■ DATA SHOWN
[Start of Attachment]

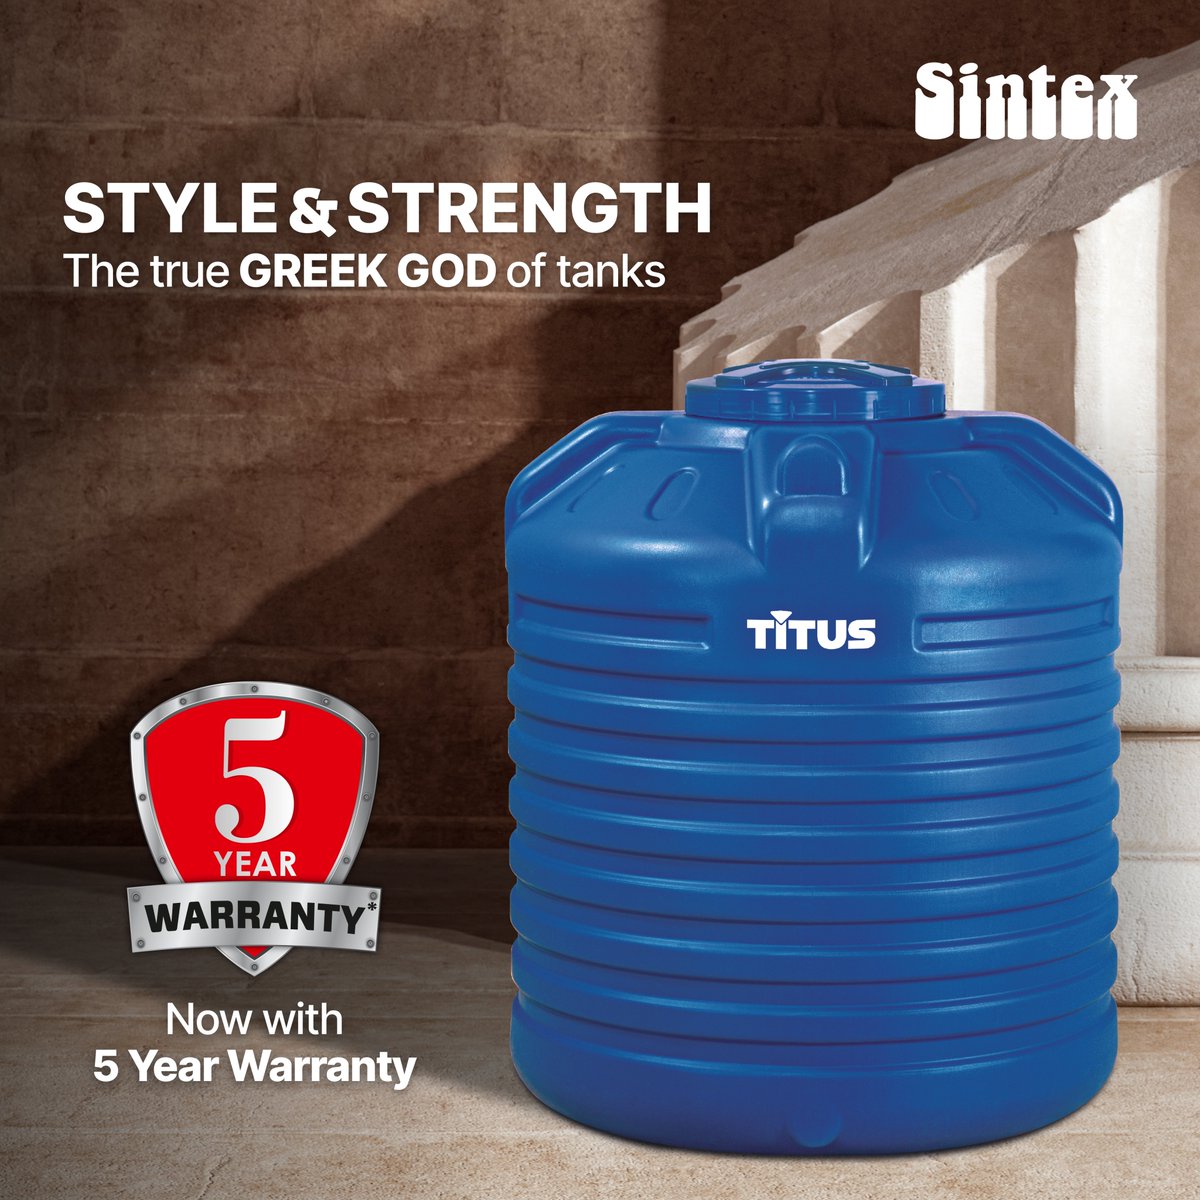 Sintex Titus, the Greek God of Tanks, stands tall as the epitome of strength and style. With its sturdy frame, this tank conquers any terrain and weather conditions.

Get in touch with us today.

#sintex #sintexplastics #sintextitus #sintexbapl #sintexwatertanks

[End of Attachment]

■ WORK TO BE COMPLETED
Output all lines above precisely. Pictures are to be left out.

■ TASK OUTPUT
 Sintex Titus, the Greek God of Tanks, stands tall as the epitome of strength and style. With its sturdy frame, this tank conquers any terrain and weather conditions.

Get in touch with us today.

#sintex #sintexplastics #sintextitus #sintexbapl #sintexwatertanks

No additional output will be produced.